Tuesday, October 9, 2001

From the Hip

Well, it did not take long for "Hanoi Jane" Fonda to run her true colors up the flagpole. The rubble was still smoldering in New York when she announced that, "It would be a mistake for America to retaliate militarily."

What is it about being an actor best known for your cleavage that makes you an expert on war, strategy, politics, or anything else for that matter, other than who has the softest casting couch?

When Fonda visited the North Vietnamese while they were killing American boys, she was a traitor. Her latest statements aren't traitorous, but they amply illustrate the liberal-feminist foolishness that permeates Hollywood and so much of our national thinking.

It is this kind of backwards thinking that has allowed terrorism to spread as a viable means of applying political pressure.


I almost fell over last week when I read an editorial in the El Paso Times advocating a return to the draft.

DeWayne Wickam, the author, covers politics and social issues for Gannett News Service.

After arguing with liberals for years that only a draft insured America of a sound military it was nice to see the same words published in a metropolitan newspaper and written by a guy that writes for one of the big boys.

Wickam made the point that the current volunteer military leaves the burden of defense on the backs of Southerners, blacks and the sons of the blue collar world in general.

True enough.

He left out the inherent danger of having a military composed of "them" rather than "us."

He left out the danger of having a country run by politicians who have never shouldered a pack and rifle.

He left out the fact that a military composed of a cross-section of America is a far better force than one made up only of patriots, career soldiers, and those who cannot find another job.


"Those who would give up essential liberty to purchase a little temporary safety deserve neither liberty nor safety."

—Benjamin Franklin, 1759

Our View

Current terrorist legislation is foolish - there is a better way

How do we fight terrorism on our own shores without gutting the very freedom we are trying to protect?

The solution is fairly simple outside the borders of the United States. It is called war. There are very few rules and you break those.

But what about inside the United States?

Here we find ourselves between mythology's Scylla and Charybdis _ between a West Texas rock and a hard place.

Since the beginnings of this great nation we have built legal walls that impede law enforcement but help guarantee that we do not degenerate into a police state.

U. S. Attorney General John Ashcroft and many others are supporting laws that gut these Constitutional protections that prevent indefinite detention without charges being filed, wholesale wire tapping, and a host of similar protections.

If all law enforcement officers could be trusted to always do the right thing, to always know who the bad guys were and to act appropriately, you would not need such protections. Law enforcement would not need rules.
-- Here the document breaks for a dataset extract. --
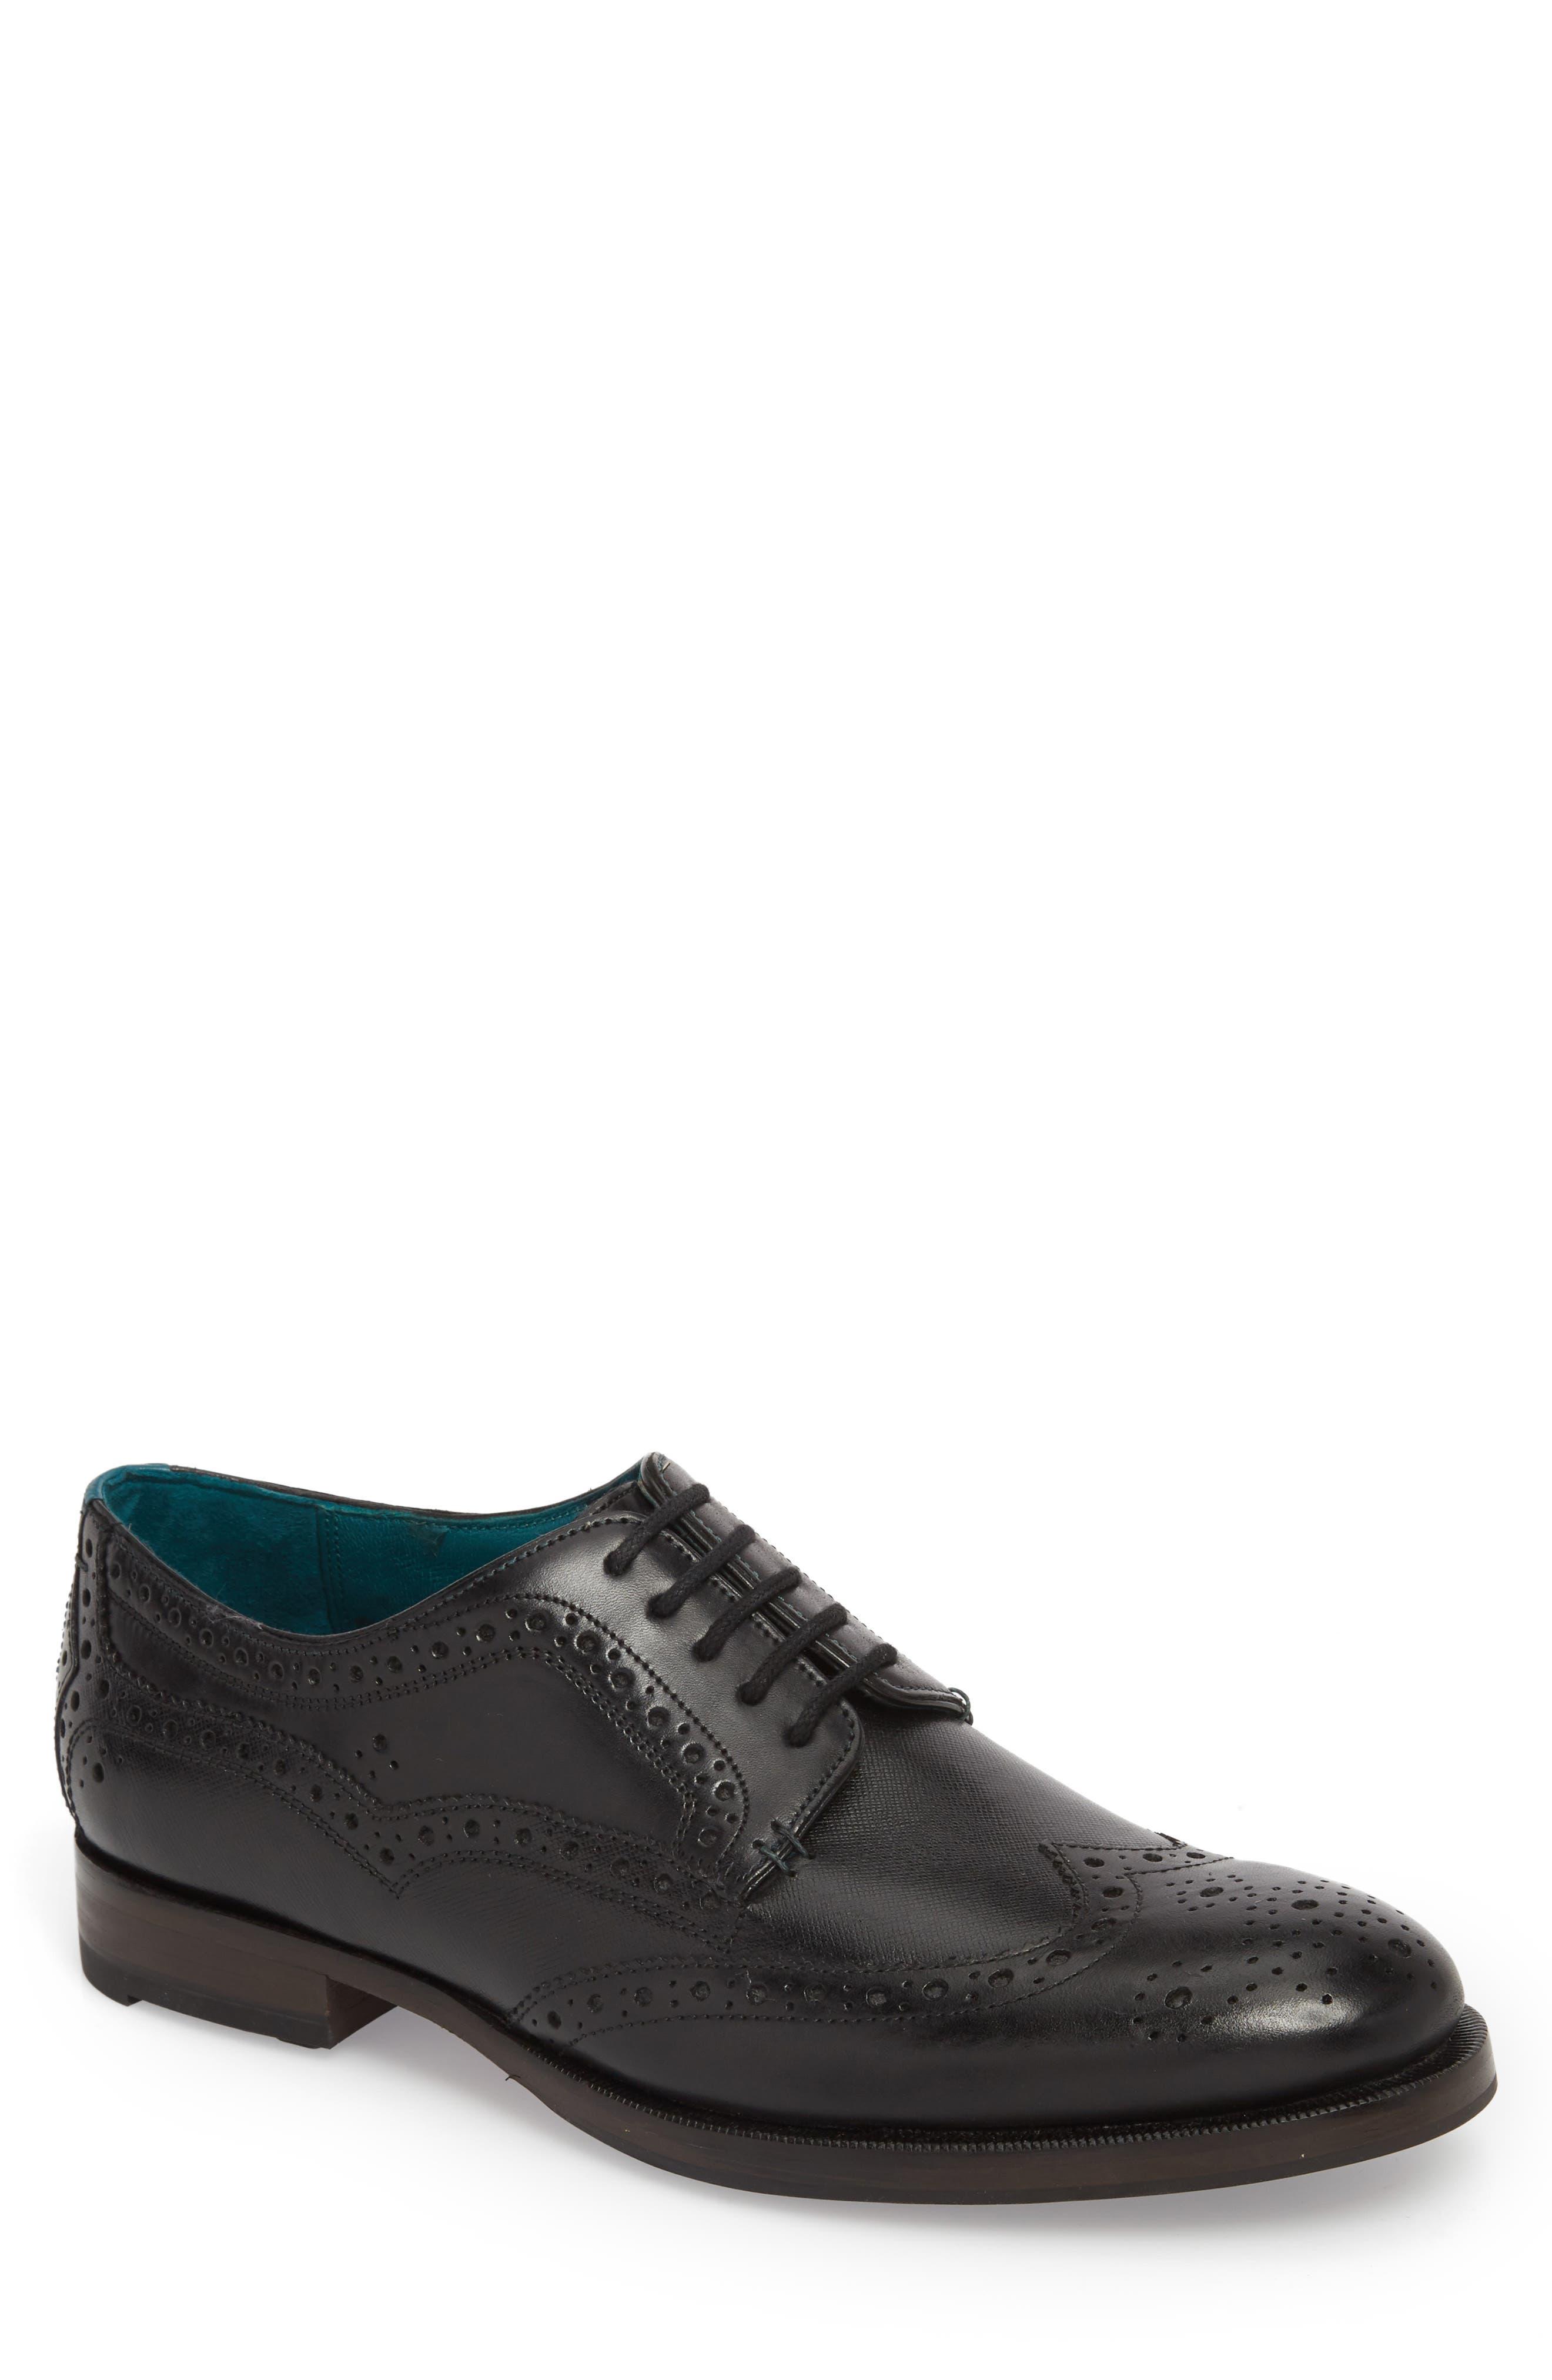 Senape Wingtip,                         Main,                         color, Black Leather

But law enforcement officers are human beings subject to all of the emotions and faults that their fellow humans beings harbor _ greed, jealously, stupidity, hatred, blind ambition, prejudice…
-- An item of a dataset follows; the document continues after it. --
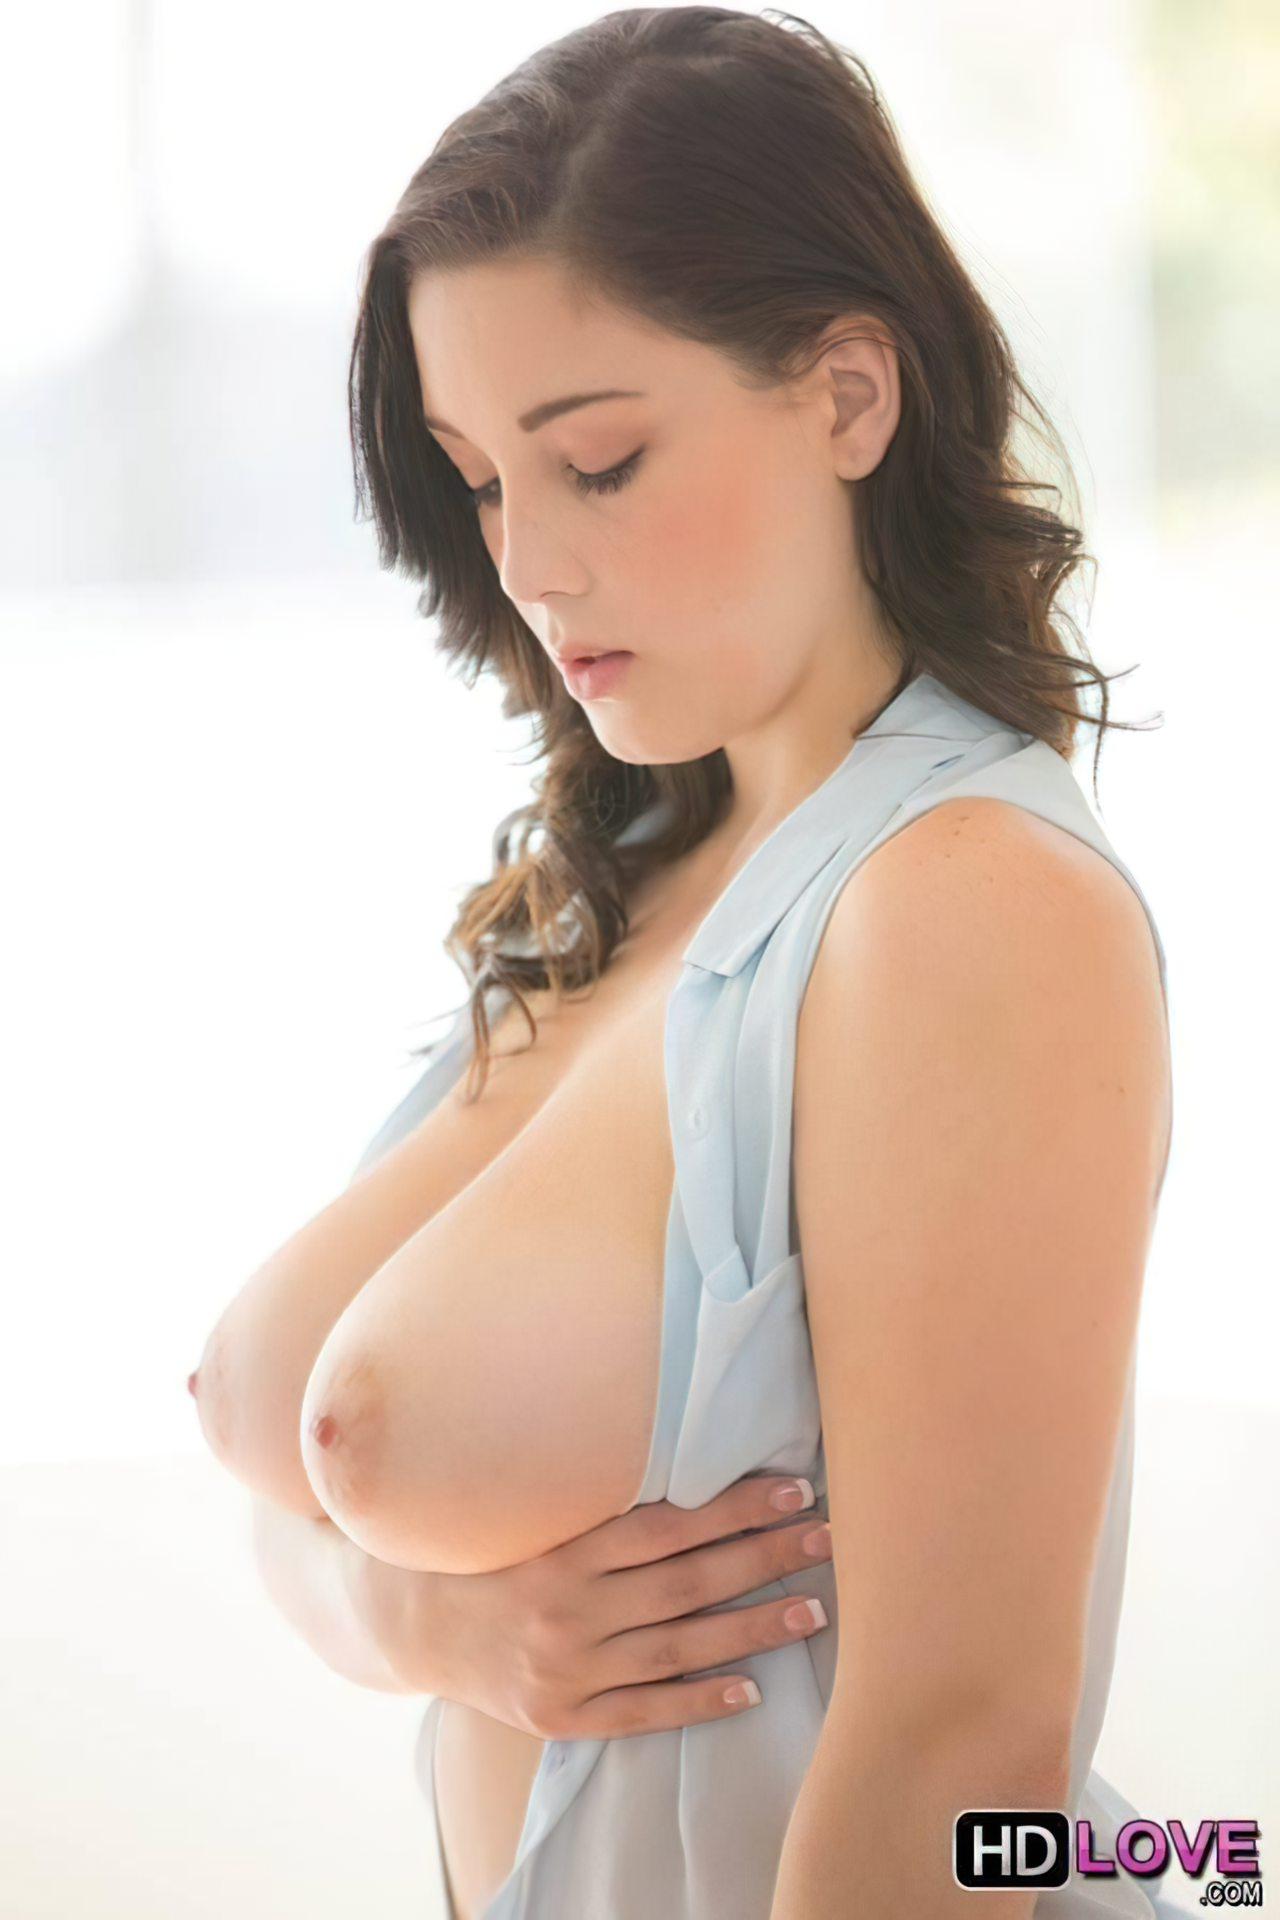 Moças Nuas (43)

The problem with most of this proposed legislation is that it hinges on the classification of the suspect as a terrorist. It is not hard to foresee terrorist becoming a very loosely defined word for investigation purposes.

At what point does a suspected drug dealer become a terrorist? A suspected mobster? A suspected money-laundering ring? With many of these measures we will have the fox guarding the Constitutional hen house. That is stupid.

Such "gloves off" law enforcement is an affront to the very liberties we are trying to protect.

Rather than drawing the line with an arbitrary classification of "terrorist" a better approach would be to relax rules regarding investigation of non-citizens.

The terrorist threat we are confronted with generally involves non-U.S. citizens.

Withdrawing some Constitutional protections from non-citizens suspected of terrorism is not an affront to the Constitution, and it does not leave our country in danger of succumbing to the false security of the police state.

Your View

Don't vote Slim for President

Dear Editor:
In the past year or so I've developed a great  respect for Slim, his thinking has always closely paralleled  mine. That was until I read his last comments on being  president and getting rid of the world's terrorist. Seems to me  that Slim may have a little Hitler in him! 

Slim you're a nit wit if you want to be president. The president doesn't have enough power; he must do what is politically correct not what is morally correct. This is a prerequisite to keeping his job! How about "dictator" then he could get the job done.

I wonder if Slim would want to set fire to the whole village if his kids or grandkids were in that village, I think not!

Don't we have the technology, the power and the intelligence to ferret out all the terrorist bastards in this world without killing innocent people? There is no doubt that the American Democracy is the best form of government yet devised but let us not continue to be complacent. This great country was built on the concept of protecting the innocent. The fact that we don't always adhere to that concept just gives us something to strive for. There is still a lot of room for improvement!

Please don't vote Slim for president. Vote Jim for dictator.


Air travel column flies true

Dear Editor:
Smokey's recently published Sage Views concerning air travel  security, I believe, covers a lot of ground and appeals to most of us whose  prime concern for most of our lifetimes, was national security. Please lead on.


Ex's disappointed in homecoming activities

Dear Editor:
We wish to thank you in advance for letting us air our opinions  and comments in your newspaper column.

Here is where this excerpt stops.